For most of us, viruses are the stuff of nightmares — mysterious micro-agents spreading pandemics like Ebola, polio, and HIV. But there’s much we are still learning about the virosphere, from the origins of viruses themselves to their effects on evolution and the natural world.
In their book Viruses as Complex Adaptive Systems, SFI External Professors Ricard Solé (Universitat Pompeu Fabra) and Santiago F. Elena (Spain National Research Council) employ biology, physics, and mathematics to understand the impact of viral robustness and pervasiveness. “Viruses are everywhere,” says Solé. “Emergent viruses are an inevitable consequence of the novel opportunities provided by overpopulation, from humans to cattle, and the disruption of diverse ecosystems.”

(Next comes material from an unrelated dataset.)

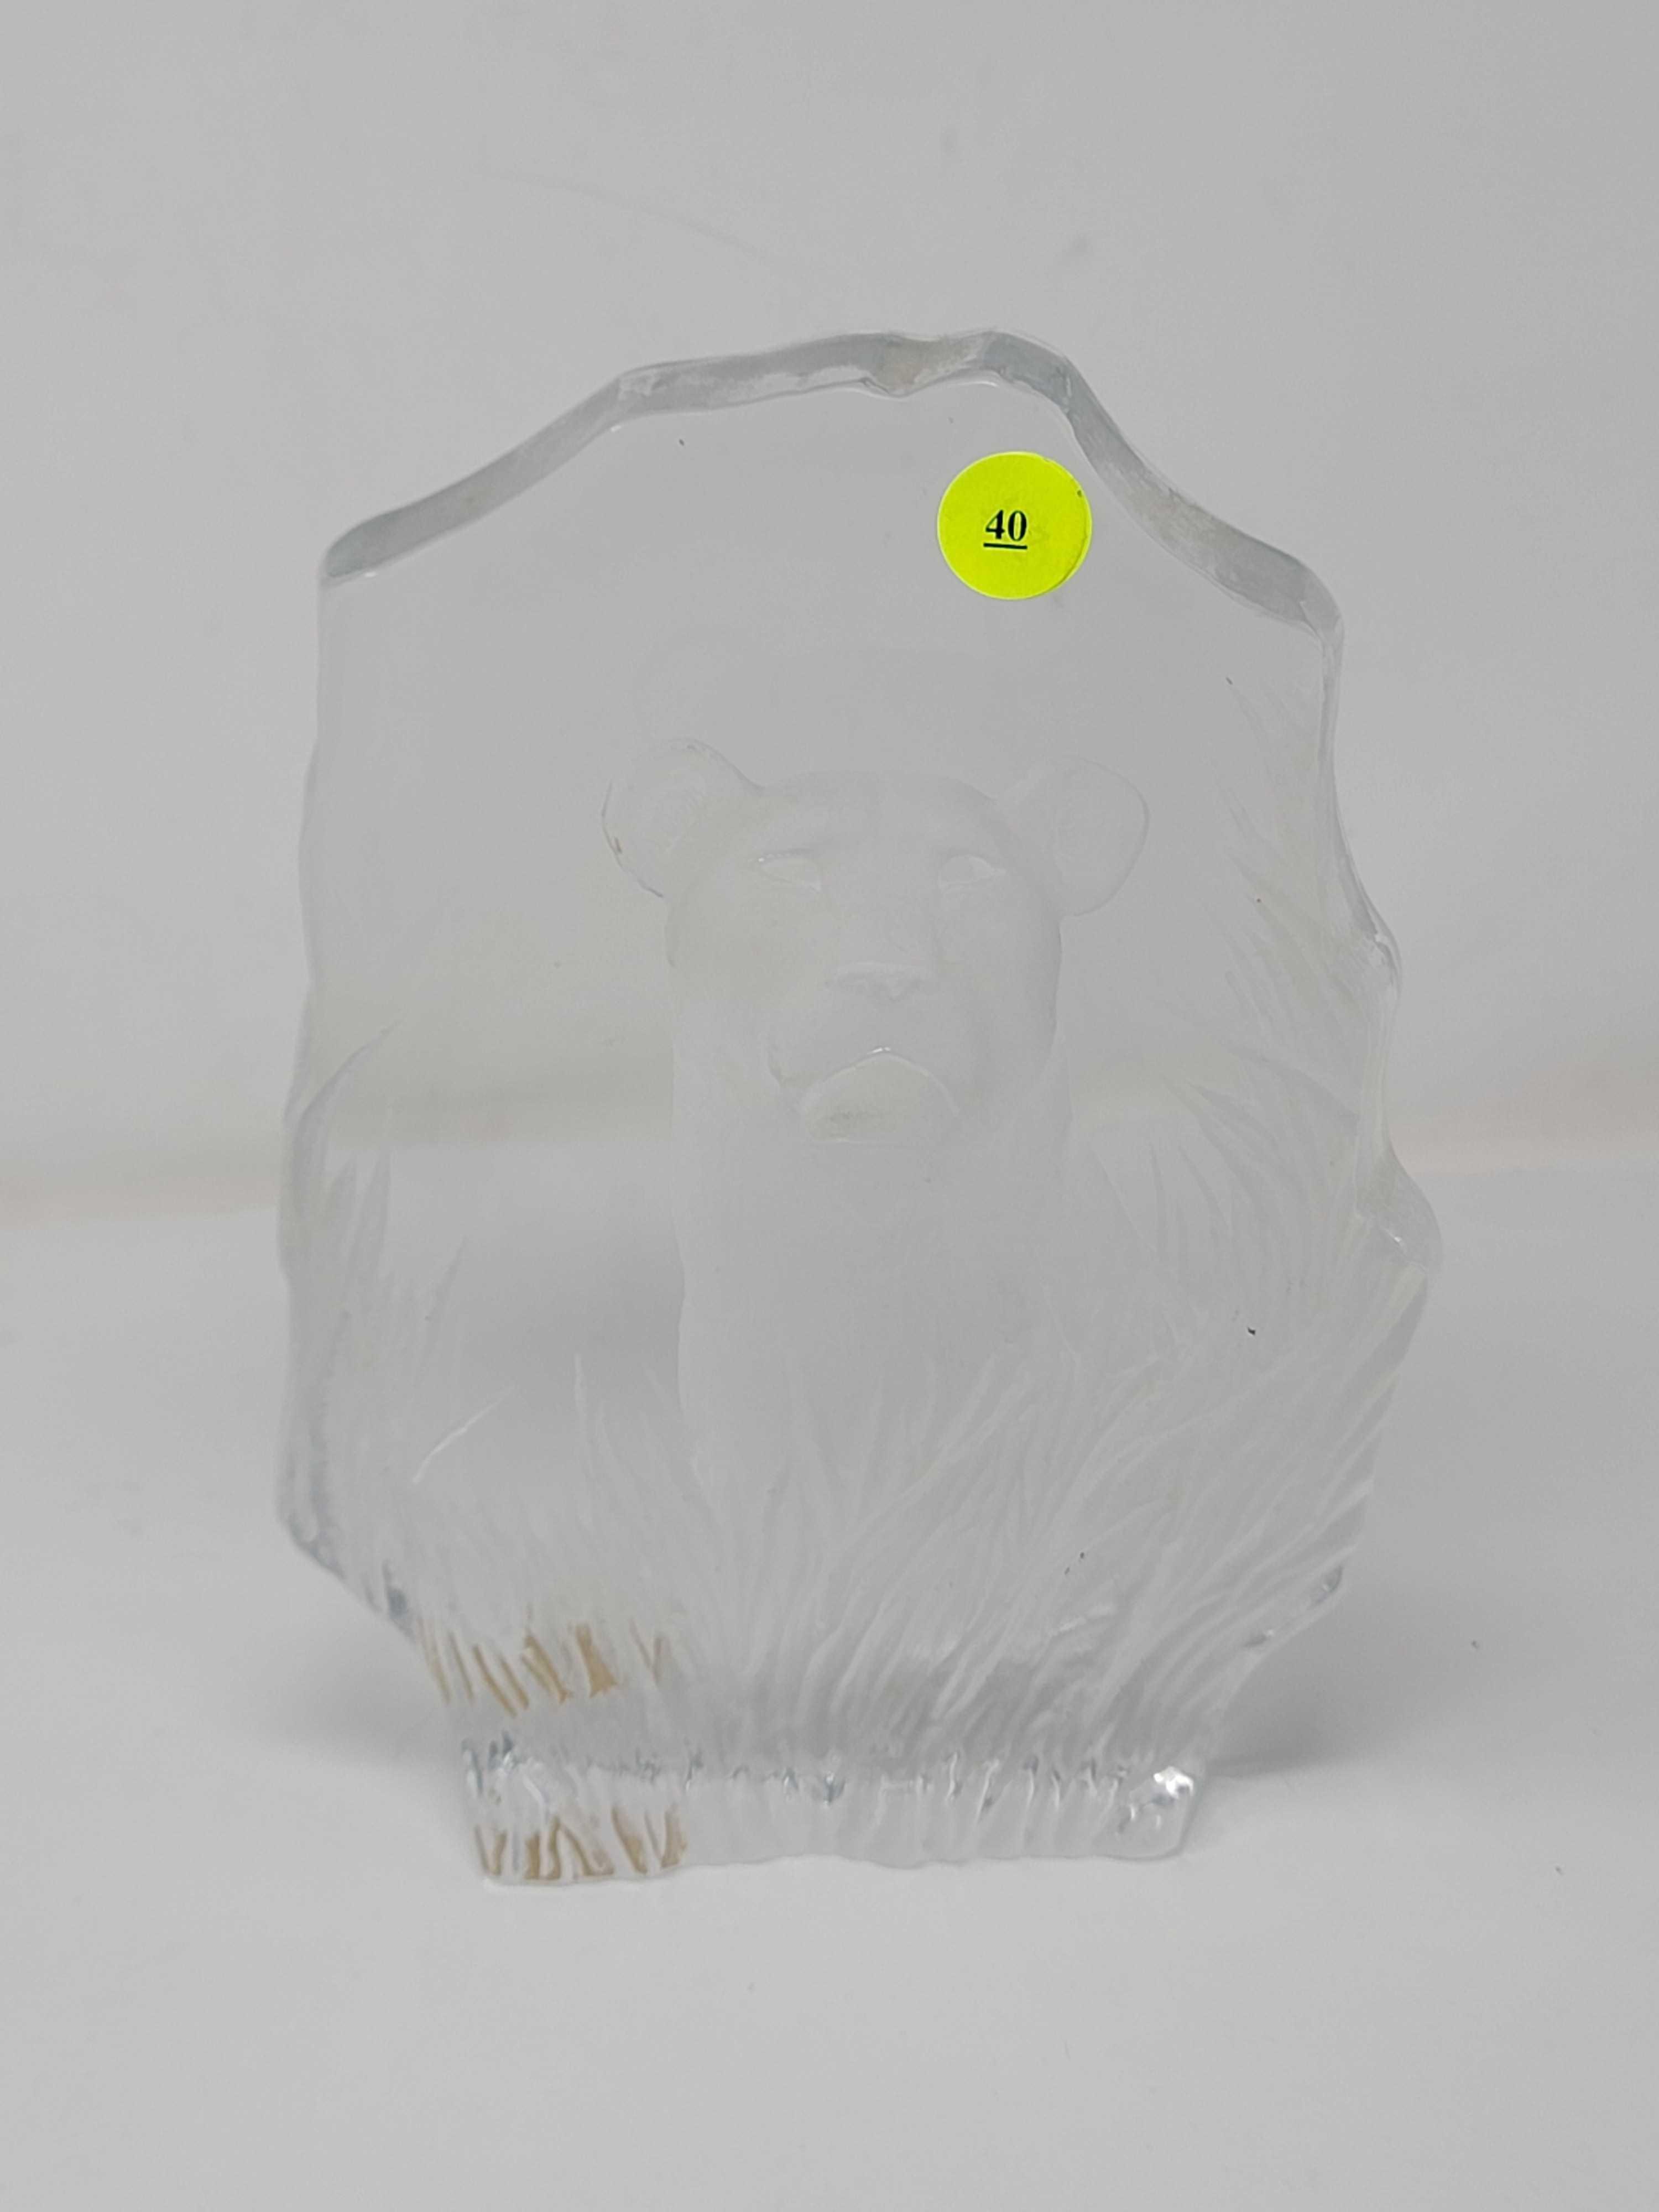 ROYAL KRONA MADE IN SWEDEN ETCHED CRYSTAL LION FIGURINE, 6 INCHES X 9 INCHES.
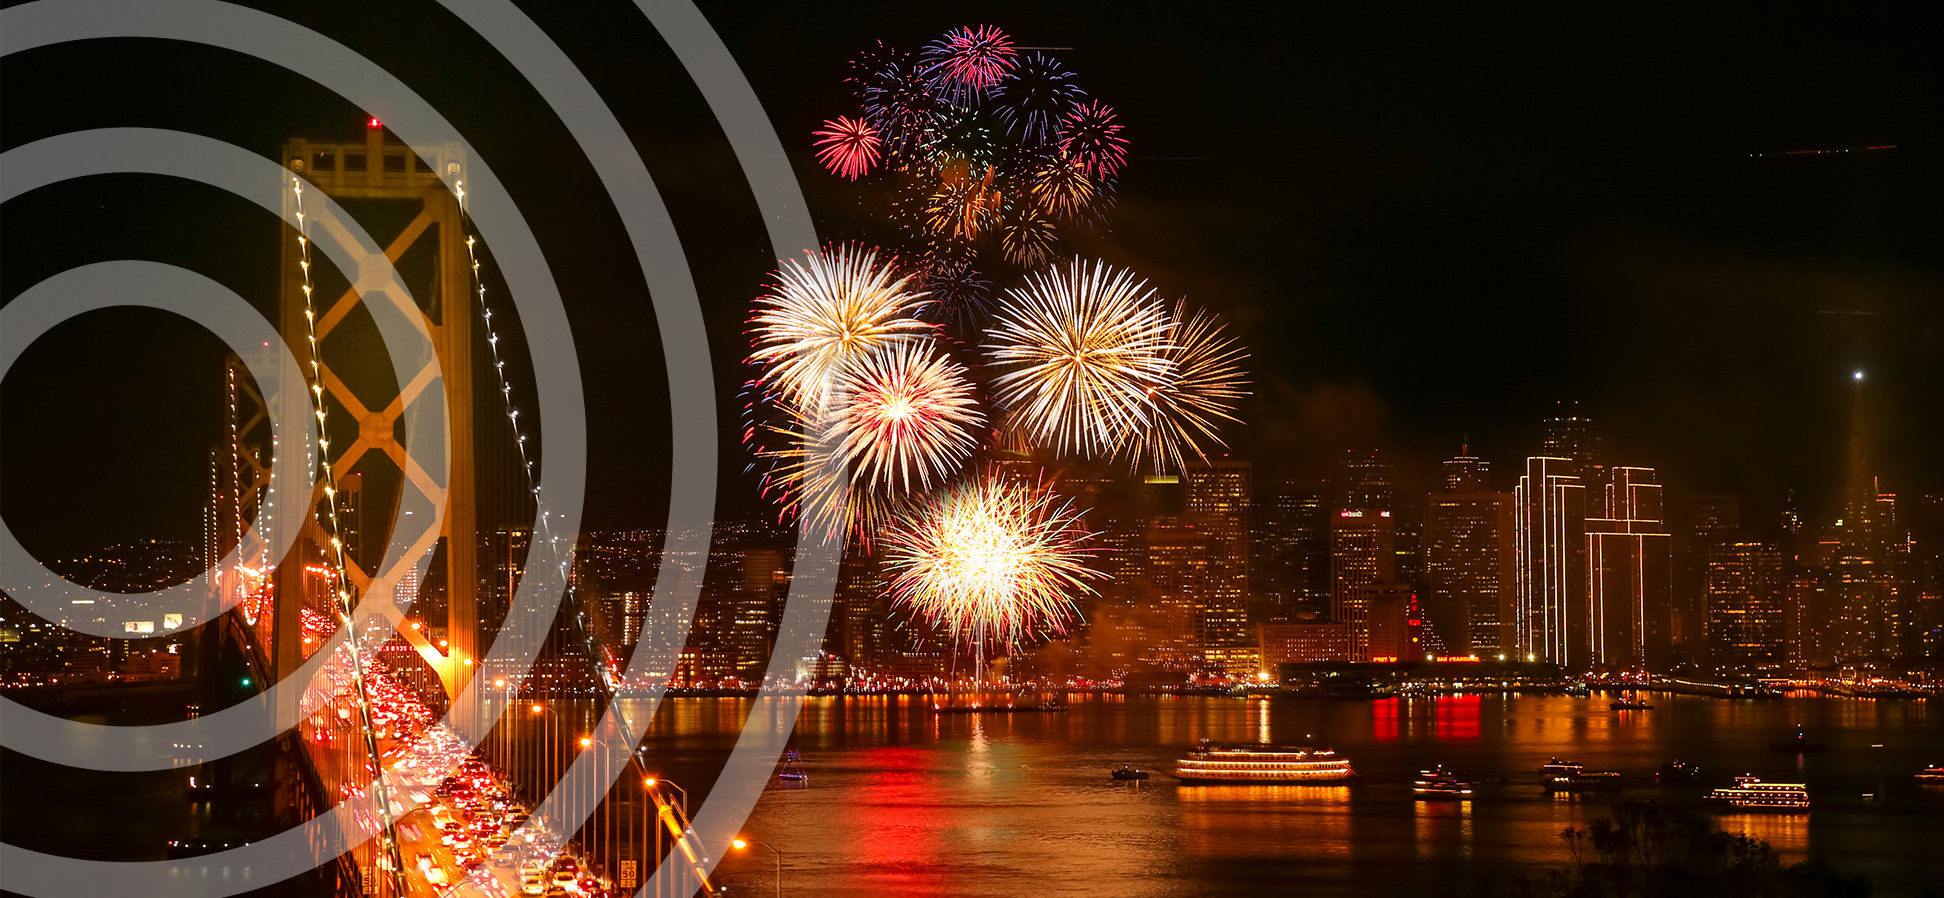 Where To Park In San Francisco For 4th of July Fireworks at Pier 39

The secret to the success of viral evolution lies in their population size and generation time, which allow viruses to skirt the effects of mutation that can cripple the advancement of other species. “Population size for viruses is massively larger than for their hosts,” says Elena. “And while generation time for humans is 25 years, for lytic viruses (those killing the infected cell), it is hours or, at best, days.”
But what exactly are viruses? And are they even alive? Defining viruses and understanding their role in various ecosystems is complicated by the range of viral complexity and the unknowns surrounding their genesis. “The origin of viruses is still a quite open and debated topic,” says Elena. “Likewise, some people still consider them as nonliving entities.”
In 1992, a group of scientists stumbled upon the Mimivirus, a giant virus whose genome is both large and elaborate. This discovery directly called into question previous wisdom that viruses are small and simple, closer to androids than living beings. “The more we find new viruses, the more blurred are the boundaries,” says Solé. “The problem is that biology offers multiple exceptions to most definitions of living that you can provide.”
However, computer viruses, which most would agree are not living, provide a neat analogy for biological viruses and offer insights into their complexity. “The parallels between virus evolution and computer virus evolution are rather remarkable,” says Solé. Although computer viruses are man-made, they also operate through infection (in this case, of computer memory, not of cellular hosts), diversify their traits, and evolve to combat antiviral software.
“The more we learn about viruses, the more complex mechanisms of interaction we find,” says Solé. Viruses as Complex Adaptive Systems uses many different vantage points to create a more fully realized picture of viral complexity, even while most of us continue to primarily interact with viruses through a bout of the winter flu.